Segment Start: DATA

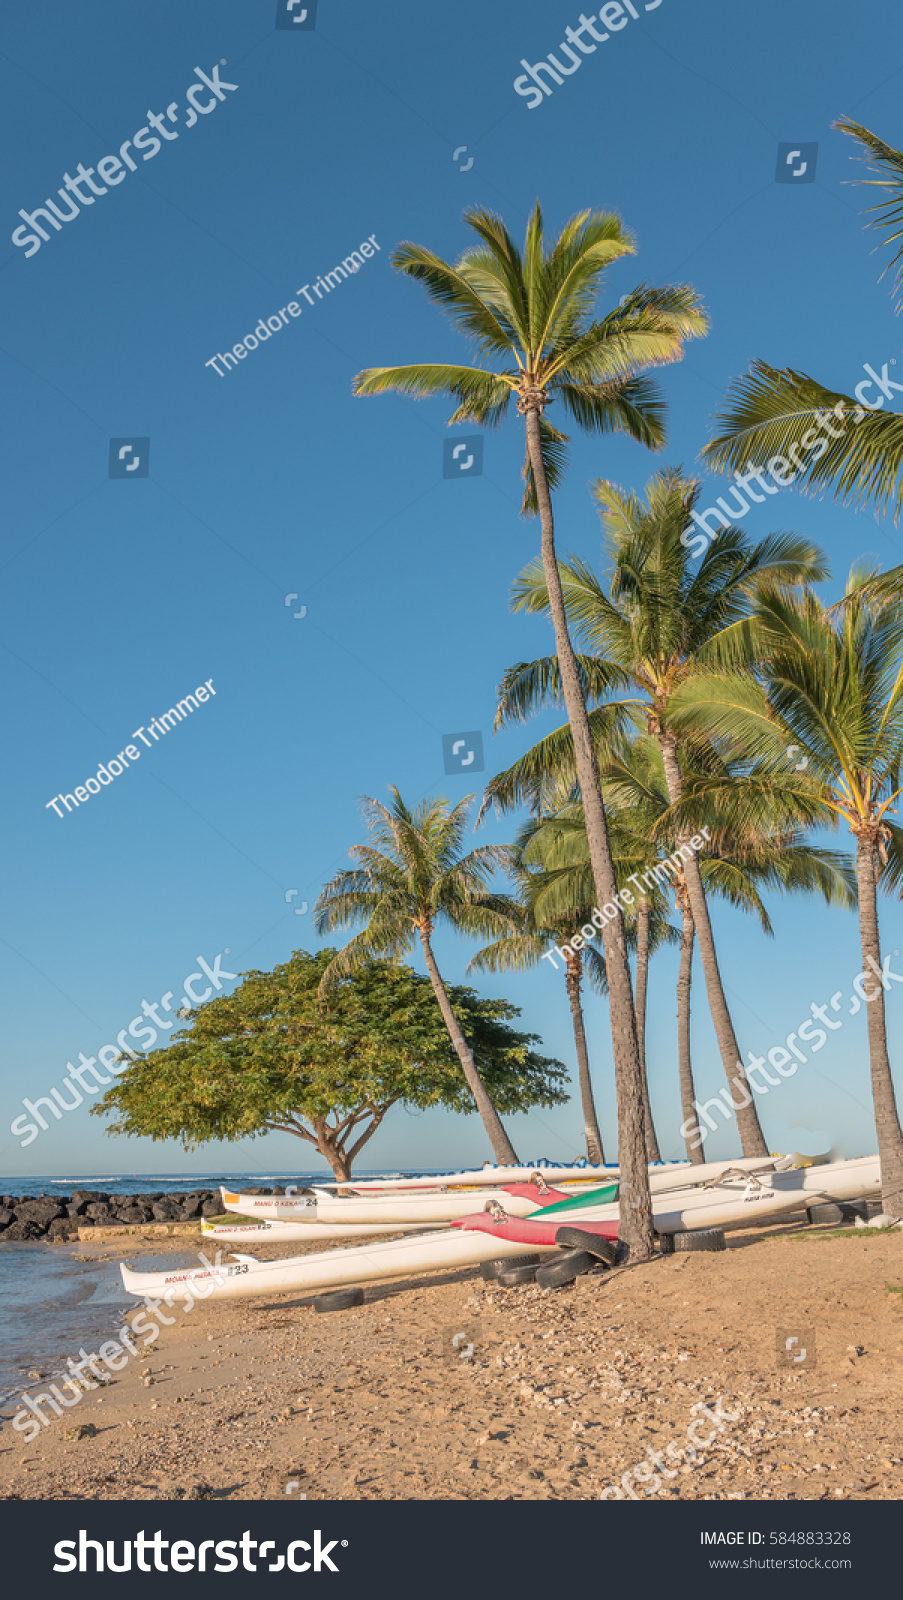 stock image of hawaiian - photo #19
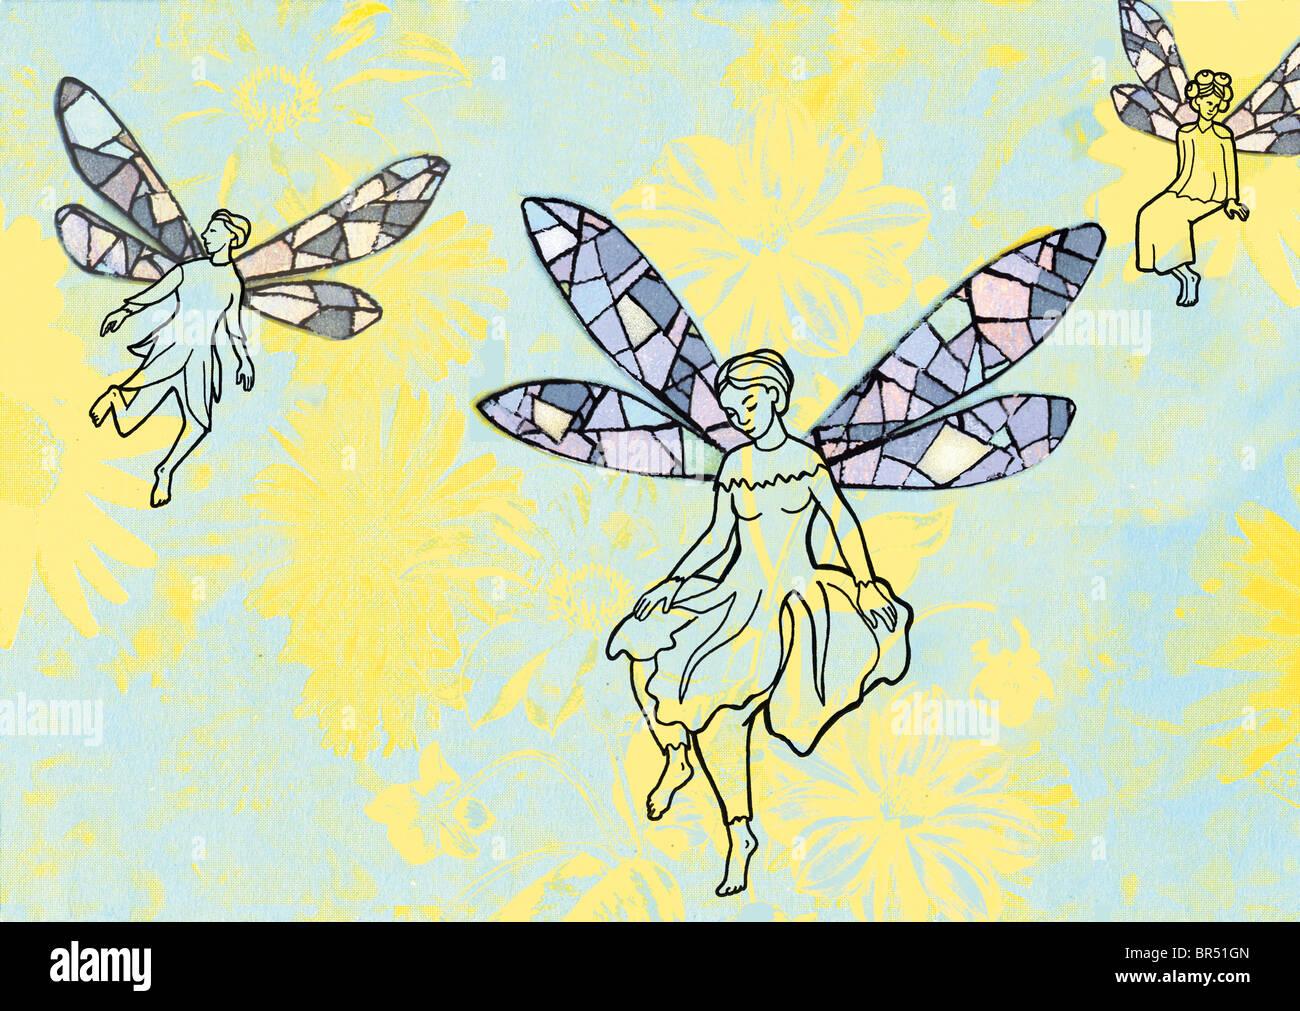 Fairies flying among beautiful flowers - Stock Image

Segment End: DATA
Segment Start: DATA

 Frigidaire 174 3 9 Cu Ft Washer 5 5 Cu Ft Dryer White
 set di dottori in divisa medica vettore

Segment End: DATA

WHAT THE EXERCISE ASKS:
In the entries above, find the line with "stock image of hawaiian - photo #19" and the line with "Fairies flying among". Write out exactly those two lines and every line between them, pictures excluded.

YOUR SOLUTION:
 stock image of hawaiian - photo #19
 Fairies flying among beautiful flowers - Stock Image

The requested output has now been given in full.